Some of these things that Steve in particular, these are slides pulled right out of his presentation to what’s called the Partner Group, which is sort of the top 500 executives within Microsoft, which he delivered last week, is passionate about are certainly things like developing an organization where people are dedicated to making others better both inside the organization and outside which speaks to the focus on partnering.

I think that Microsoft has always been good at sort of the self-critical questioning aspect of it, but there is a new emphasis on the second part of that bullet point, the fifth one down that talks about personal excellence and self-improvement and sort of excellence in everything we do, and then, of course, obviously as shareholders there’s an expectation that you have against any organization that they’re going to be accountable for results but Microsoft wants to be accountable to its shareholders, its partners, to its customers, to the industry and I think again this focus on values is a big, strong, important step by Microsoft.

Along with those values there are six core tenets that Steve outlined in his e-mail to the entire corporation, and I’m going to spend a little bit on each one of those.

And the first one again has to do with customer trust. There are a number of initiatives under each one of these. These aren’t, again, just sort of superlatives that would be put up on a wall. There’s spending, there’s investment, there’s teams, there’s leaders that are responsible for each of these. And I think if you look at a couple of these, again the first and the third one in many ways go together, customer trust and innovative and responsible platform leadership.

But there has been an initiative, driven again by Craig Mundie, who’s one of the co-CTOs, and Bill Gates, around trustworthy computing. And of course in these days there certainly is, when you think about the hundreds of millions of individuals and companies who have placed their trust in Microsoft products to run their businesses, an enormous amount of responsibility that Microsoft has to have these solutions be secure, to have them work the way people want them to work, and for Microsoft to be responsive if there are any issues. Again, there are big initiatives going across all of these areas.

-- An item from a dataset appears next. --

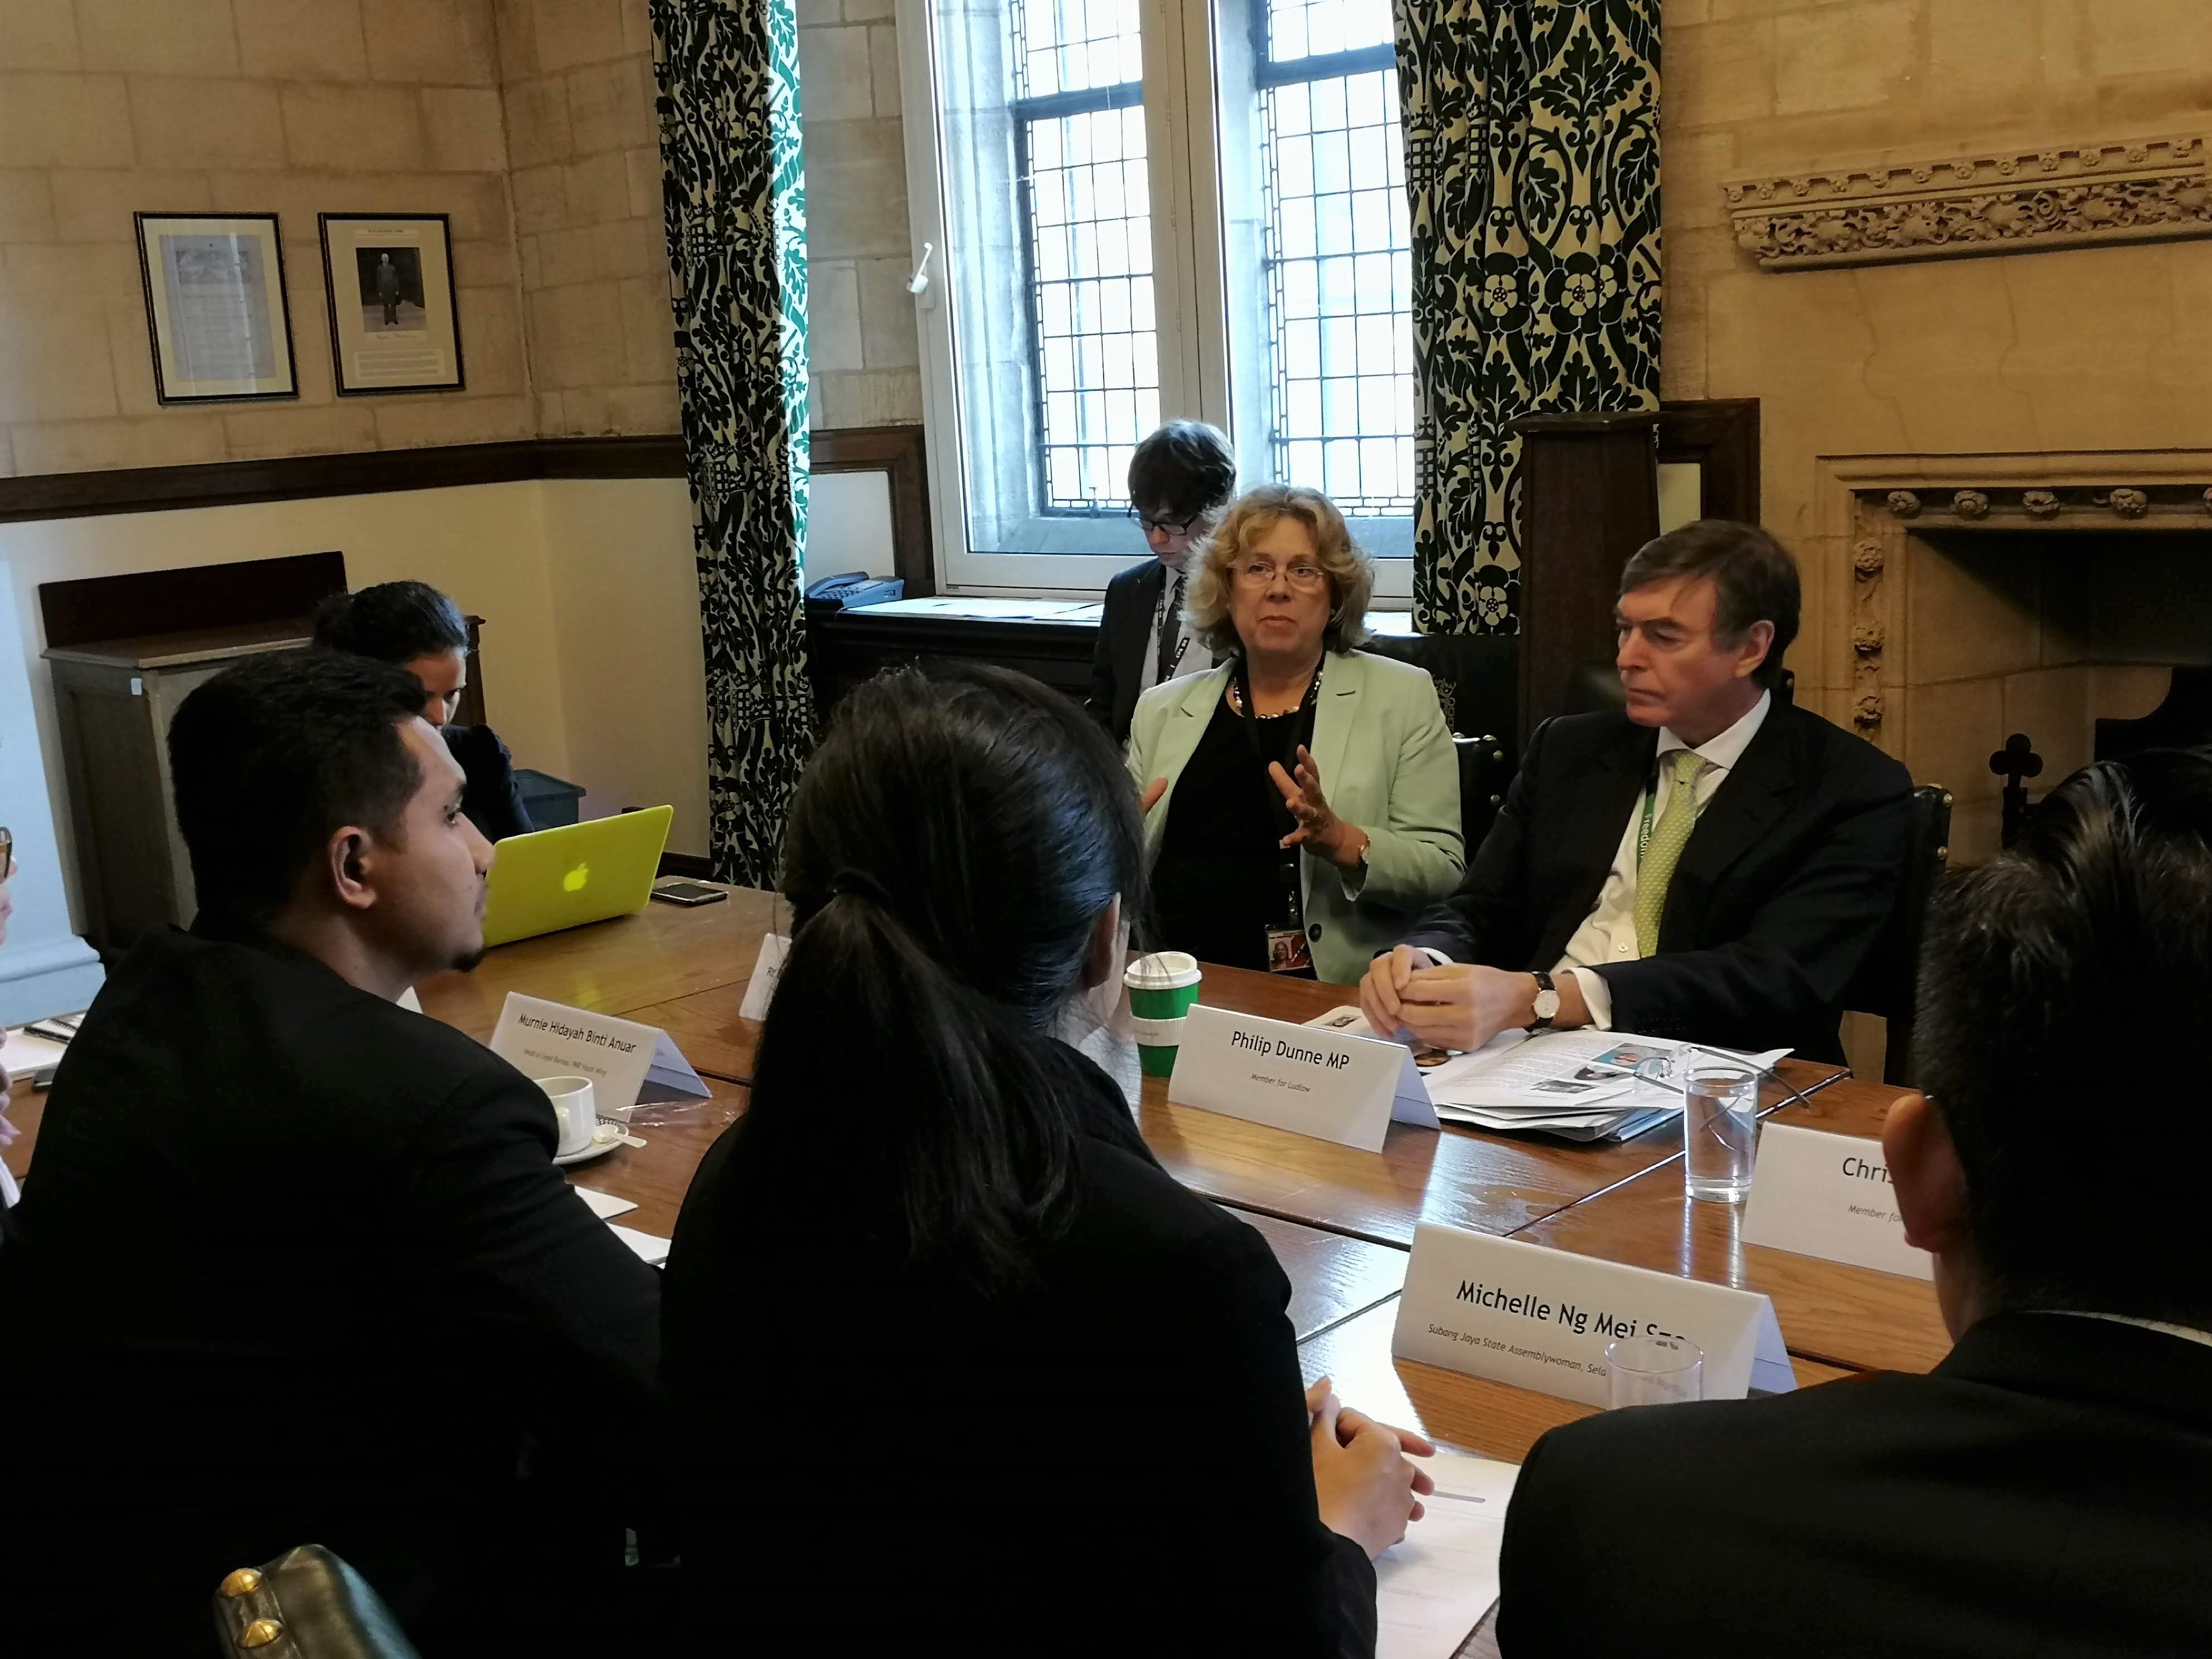 The Rt Hon. the Baroness Northover and Philip Dunne MP in conversation with the delegation

Broad customer connection is also another, I think, important point here because when you think about what’s really driven a lot of the market cap value over the last 20 years in our industry it’s been when trends have been really, really broad. The PC revolution was really a bottoms-up driver that drove that and a lot of the innovation. Of course there was a lot of valuation, ups and downs during the dot-com era, but there was a lot of innovation that was driven on a broad-base basis during the whole Internet era, and as we’re going to see another cycle in tech innovation and market cap creation in this decade it’s going to have to come from a very, very broad base situation, Microsoft is really committed to having technologies be low-cost, widely accessible and we really want to think about addressing millions of customers and segments of customers in a deep way where we can increase value for not only existing customers but for those many customers around the world who haven’t yet experienced the benefits of IT automation.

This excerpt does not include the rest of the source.